The nonprofit Mississippi 30 Day Fund aims to help businesses gain access to short-term, forgivable loans of up to $3,000, with the hopes that those businesses will “pay it forward” with a charitable donation back into the fund when they are on better financial ground.

Marie Sanderson and her husband Brian, who live in Ocean Springs, came up with the idea for the fund after a venture-capitalist friend named Pete Snyder roll out a similar program in Virginia. Marie Sanderson said she had a hunch Mississippians would jump at the chance to help their neighbors.

“We have businesses in Washington (D.C.) and spend time traveling around the country,” Marie Sanderson explained. “When we saw Pete set up his program in Virginia and similar funds starting up in other state’s, we saw an opportunity to create an identical charitable opportunity in Mississippi.”

Businesses owned and operated in Mississippi for at least one year that employ between three and 30 people are eligible for the loans. It is meant to supplement the government-run programs, like Mississippi’s Back to Business Grant Fund – a product of the state setting aside $240 million from federal CARES Act money.

“We have to give credit where it’s due when it comes to the elected leadership,” Sanderson said. “The Back to Business program is fantastic.
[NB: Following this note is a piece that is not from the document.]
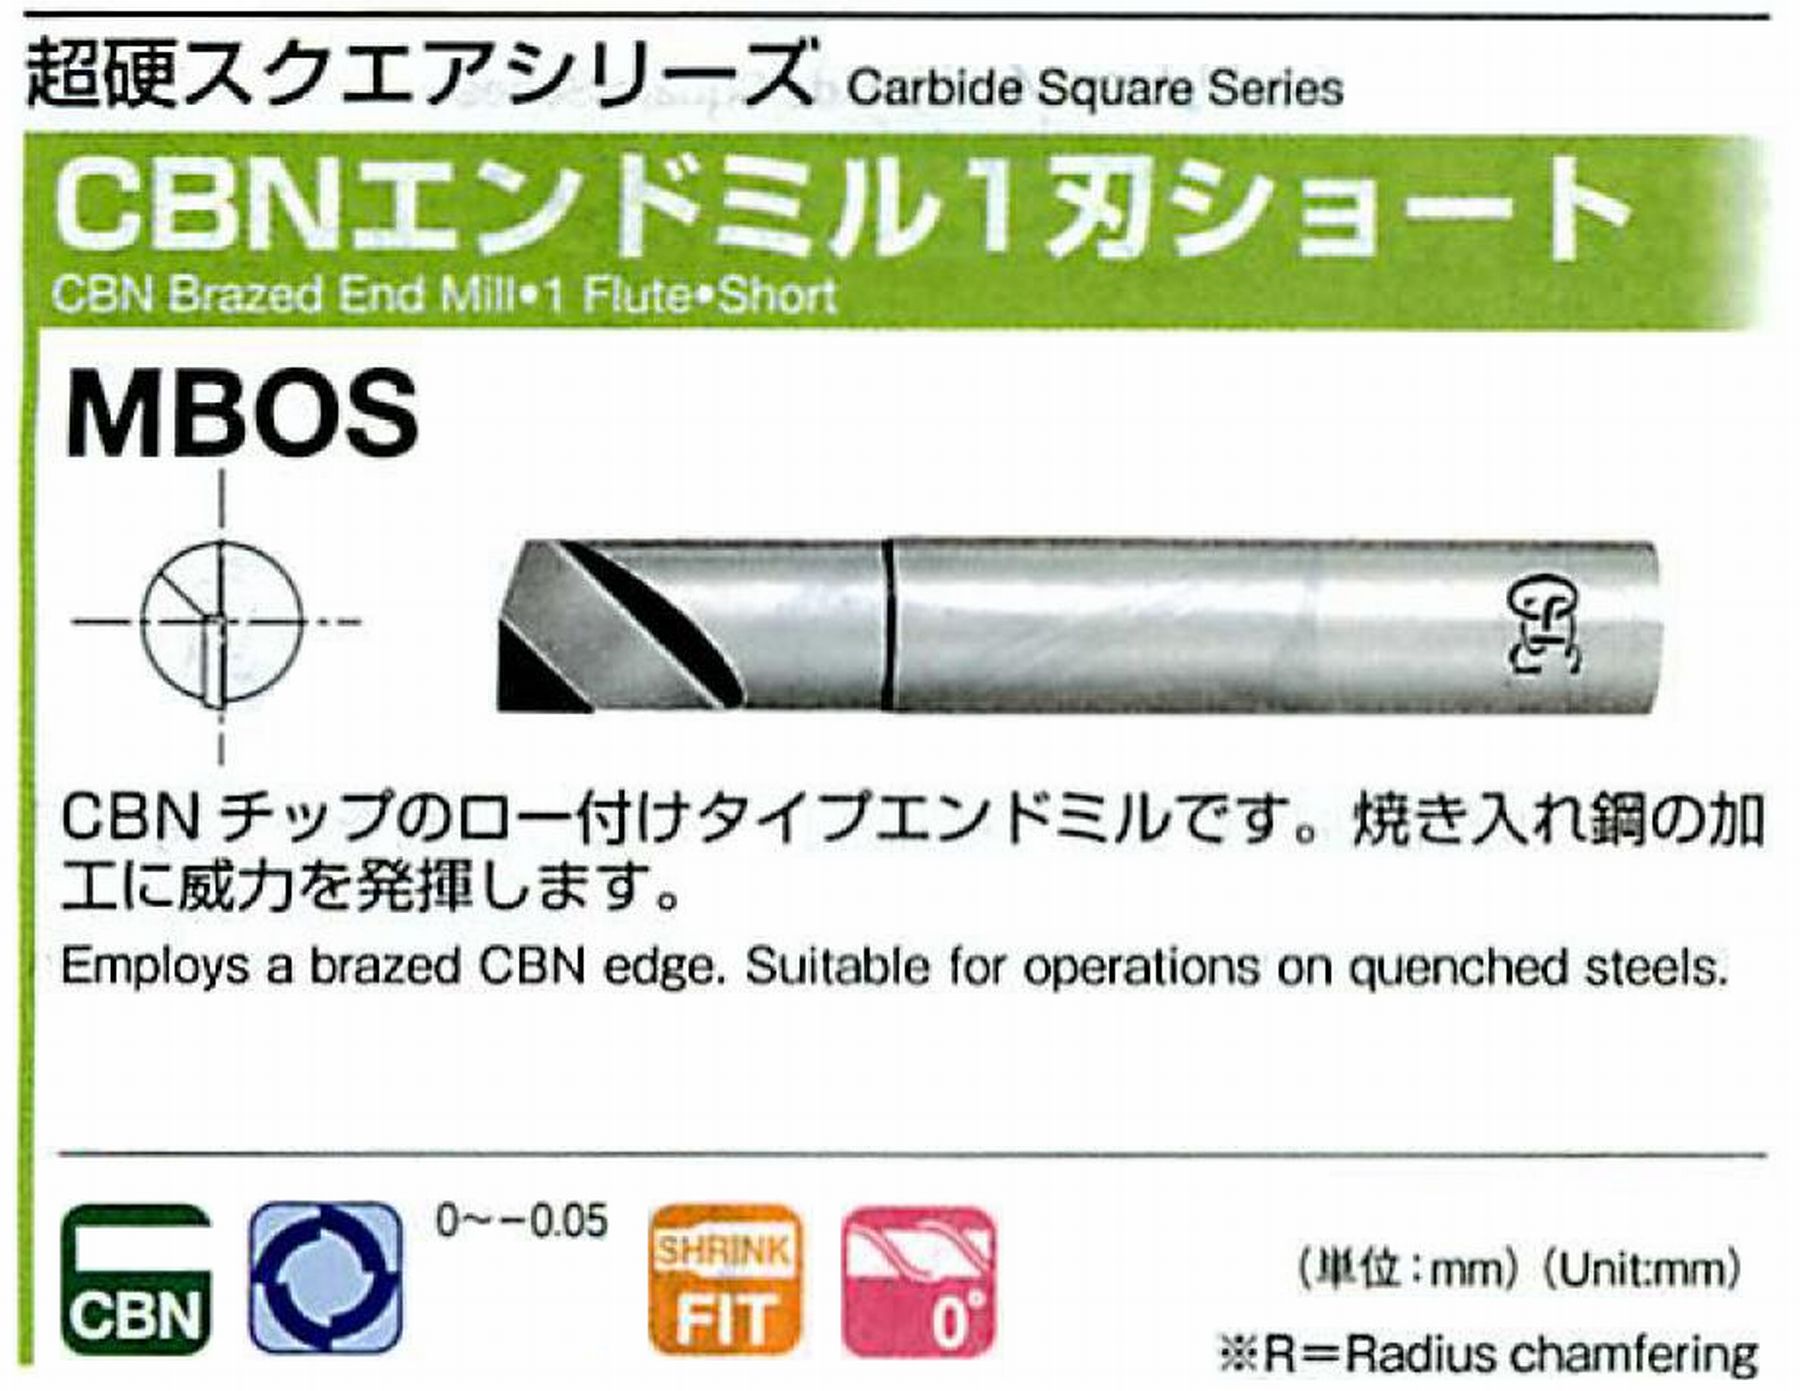 CBNエンドミル 1刃ショート MBOS(用途:プリハードン鋼、焼き入れ鋼、鋳鉄、ダクタイル鋳鉄) : 値打価格!, welcome to

We ask all of our applicants if they’ve received state or federal money, and about half of them haven’t, either because they are waiting or they haven’t applied. We’re not trying to replace those programs, we just want to help supplement them any way we can.”

Initially, the Sandersons seeded the fund themselves. They contacted local businesses leaders, some of which jumped at the chance to support such an effort. They also reached out to every influential Mississippians they could find in an effort to help raise money to continue to help businesses.

They brought on a former intern of U.S. Rep. Steven Palazzo Julia Grant to serve as executive director, and the organizations’ advisory board includes 50 business owners from across the state. The three in Madison include Venture Technology founder Gerard Gibert, Veriforce CEO Colby Lane and Ridgeland attorney Amy Whitten.

Honorary board members for the nonprofit include former Republican governors Haley Barbour and Phil Bryant, as well as Democrats Ray Mabus and Ronnie Musgrove.